COLLECTED DATA »
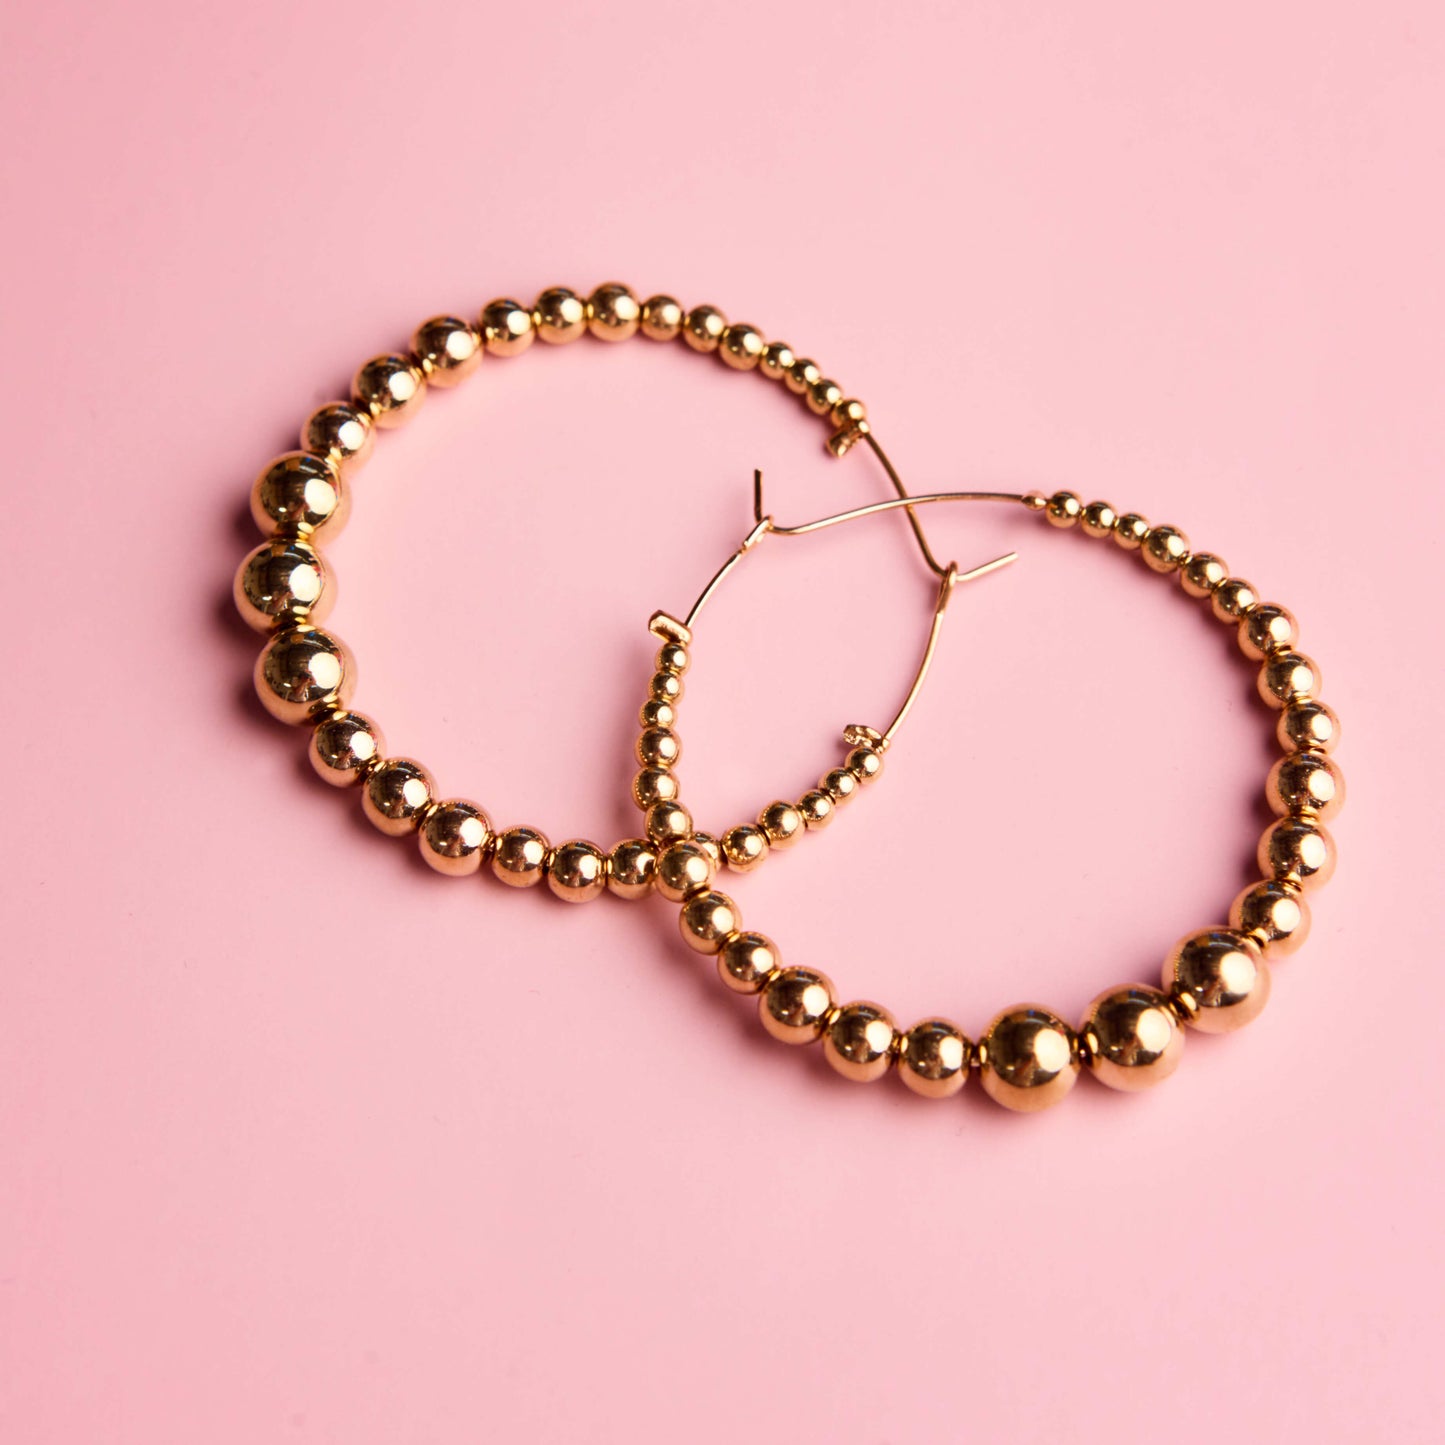 Large gold ball hoop
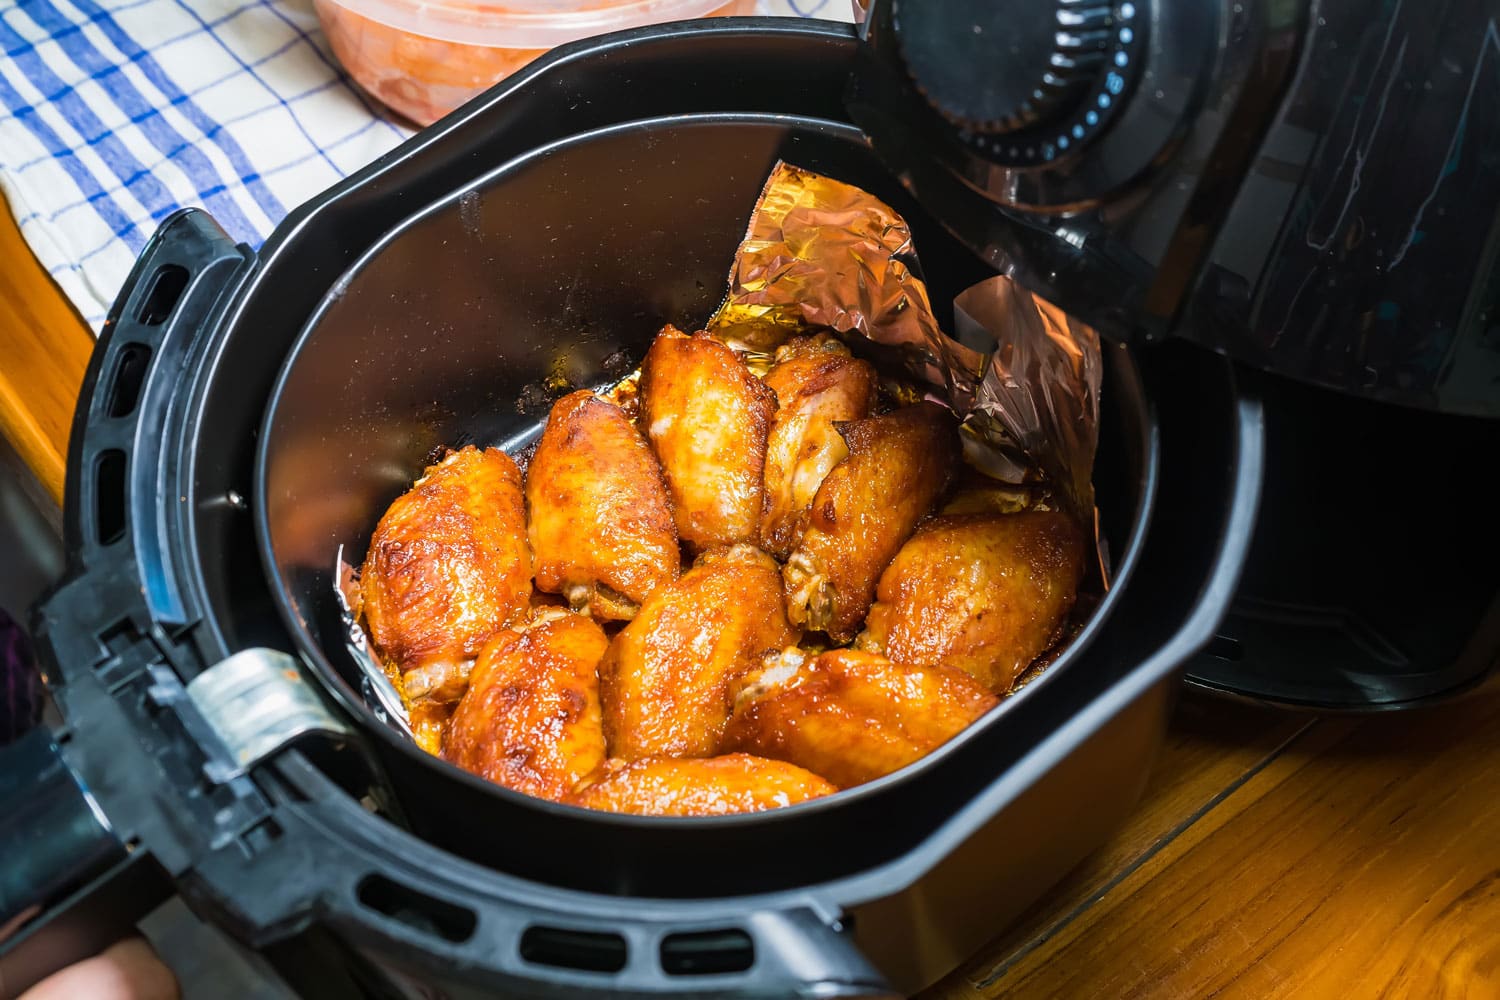 Frying BBQ chicken wings in a hot air fryer
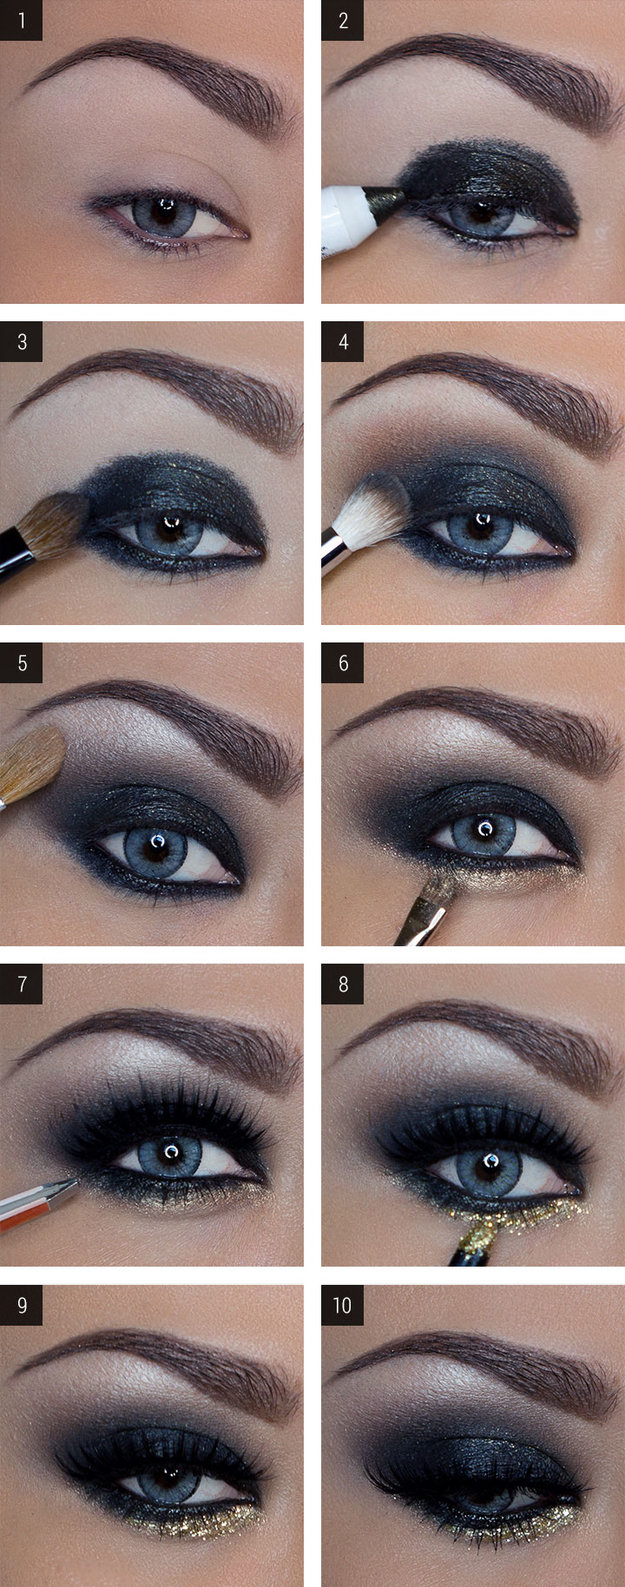 10 super easy step by step makeup tutorials for blue eyes

REQUIREMENT » The material above must be reproduced line for line, with the images omitted.

EXERCISE SOLUTION »
 Large gold ball hoop
 Frying BBQ chicken wings in a hot air fryer
 10 super easy step by step makeup tutorials for blue eyes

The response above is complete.